I love the article on hyperloglog! It is really quite good to read even if you're not interested in algorithms. I always liked number theory and I think that it's very interesting that you can guess how many uniques there are by counting how long your longest run of zeroes in a hash is.
I suppose this could be broken by injecting in a unique visitor id that would hash to something with an absurd amount of zeroes? That's assuming that the user has control over their user id and that I'm understanding the algorithm correctly.
You are correct, but HyperLogLog has many buckets counting the longest run of zeros in order to avoid the problem of outliers. I recently studied these probabilistic algorithms and did a notebook with code and plots to show their performance: https://github.com/lucasschmidtc/Probabilistic-Algorithms/bl...
Thanks for the write up, Lucas.

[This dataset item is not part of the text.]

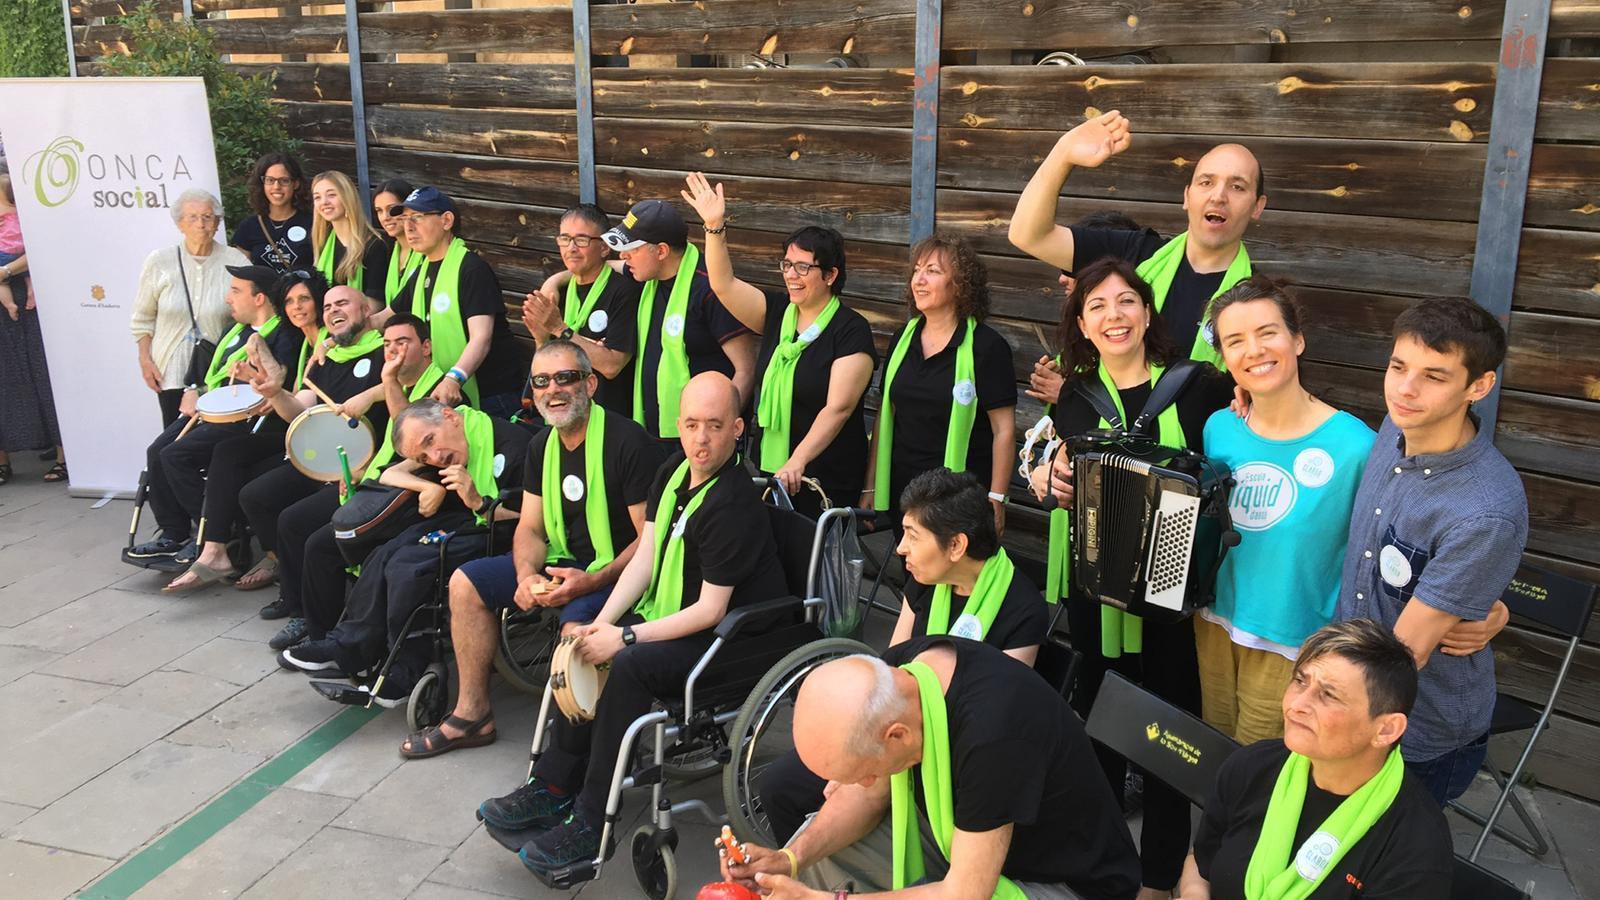 Els participants del programa. / FUNDACIÓ ONCA

It was very intuitive and I learnt a lot.
I noticed that you used 5000 buckets to store the frequency of 7000 non-unique words in the section on 'Counting Bloom Filters'. How is that better than using 7000 buckets and a uniformly distributed hash function, which would maintain frequencies perfectly? We would be using fewer buckets by an order of magnitude in a real-world implementation to save memory.

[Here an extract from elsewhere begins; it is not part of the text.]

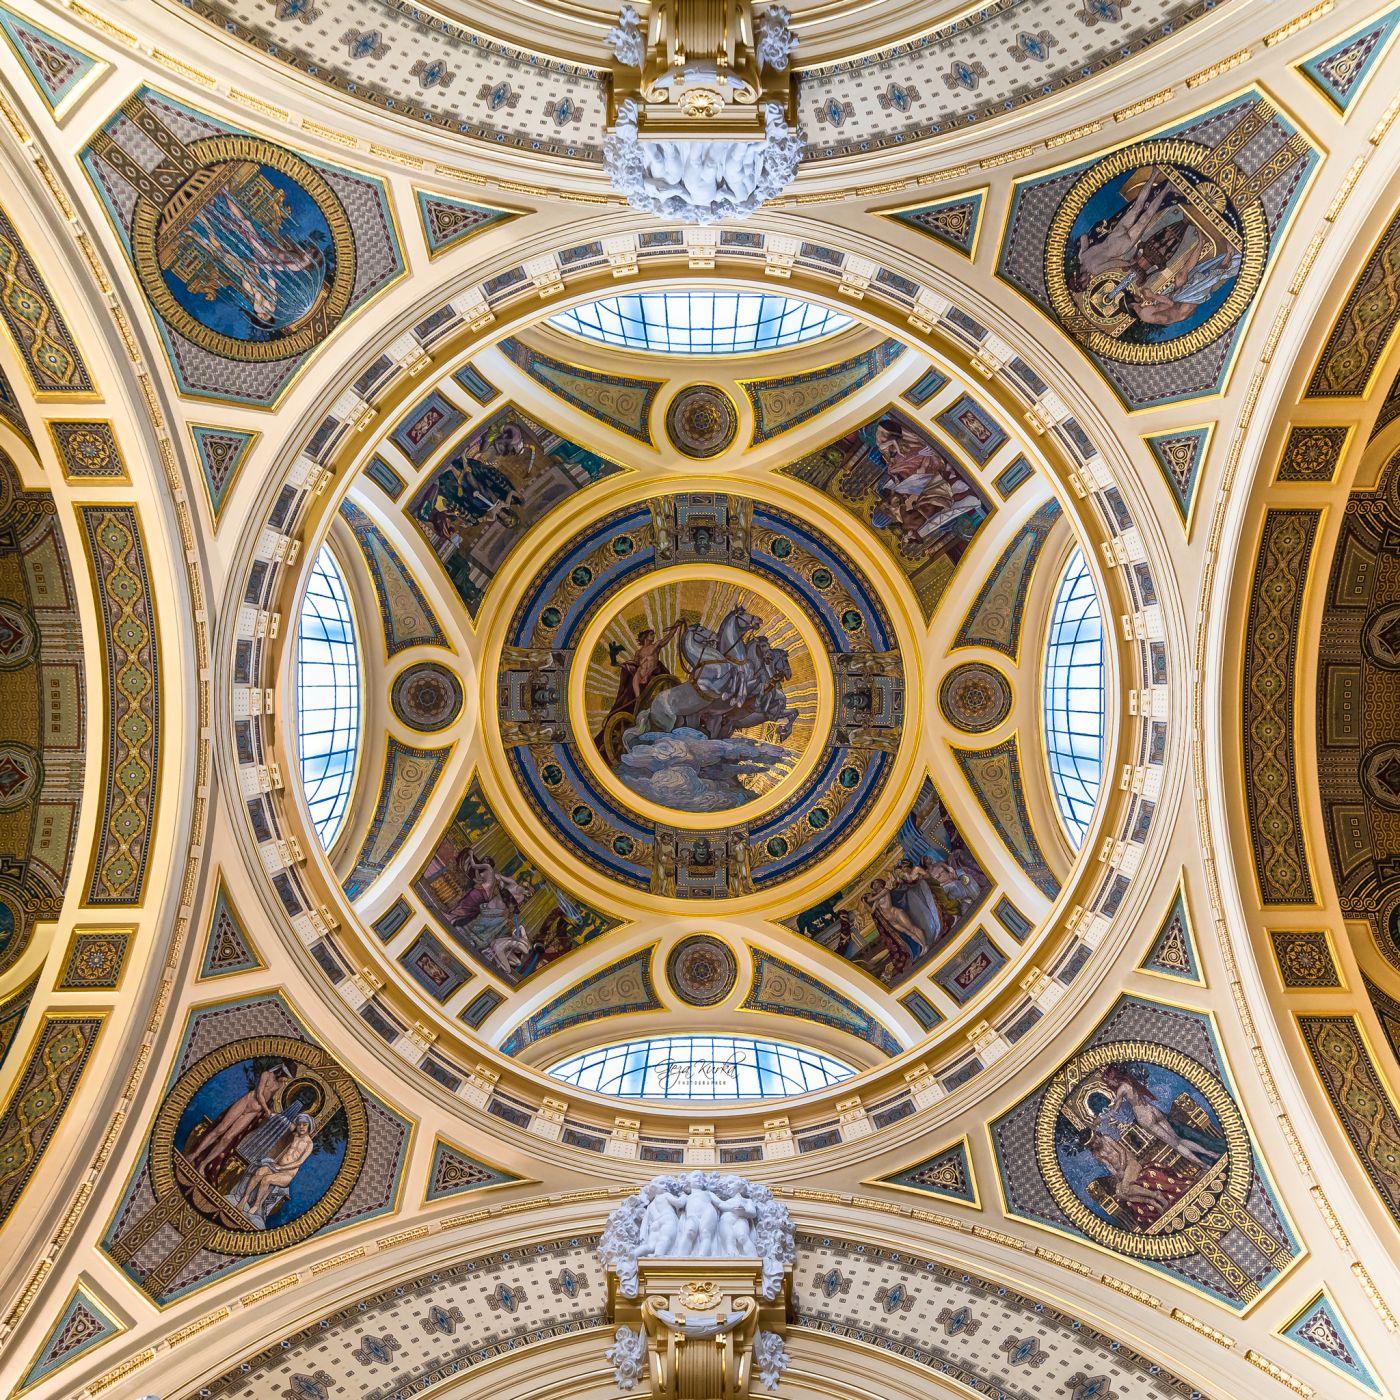 Szechenyi thermal bath's cupola, Hungary

For outliers by random chance, lucasschm's reply explains.
The usual trick for preventing folks _maliciously_ sending in outliers is to use a hash with a secret key such as SipHash so that folks on the outside can't trivially figure out what inputs will lead to hashes with a lot of leading zeroes.
The German Tank Problem guesses the size of a set, given a limited sample and successive serial numbers. If they had randomized the serial numbers it wouldn't have worked.

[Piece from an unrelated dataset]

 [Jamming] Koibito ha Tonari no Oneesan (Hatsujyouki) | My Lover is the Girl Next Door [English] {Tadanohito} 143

HyperLogLog is different because you have the entire population (not just a sample), and it's a multiset (the same element can appear more than once). Getting the size of a (non-multi) set is easy, you just keep a counter and increment it for each element; it only takes enough memory to maintain the counter. Counting the distinct members of a multiset takes a lot more memory because you have to remember whether you've already seen a particular element or not.
The tl;dr is that the German Tank Problem is about making an estimate of size when you have imperfect information, and HyperLogLog gives you an estimate when you have perfect information, but it's too expensive to make an exact calculation.
"We want to better communicate the scale of Reddit to our users."
If that's true why did they hide vote numbers on comments and posts? It used to say "xxx upvotes xxx downvotes" now it just gives a number and hides that.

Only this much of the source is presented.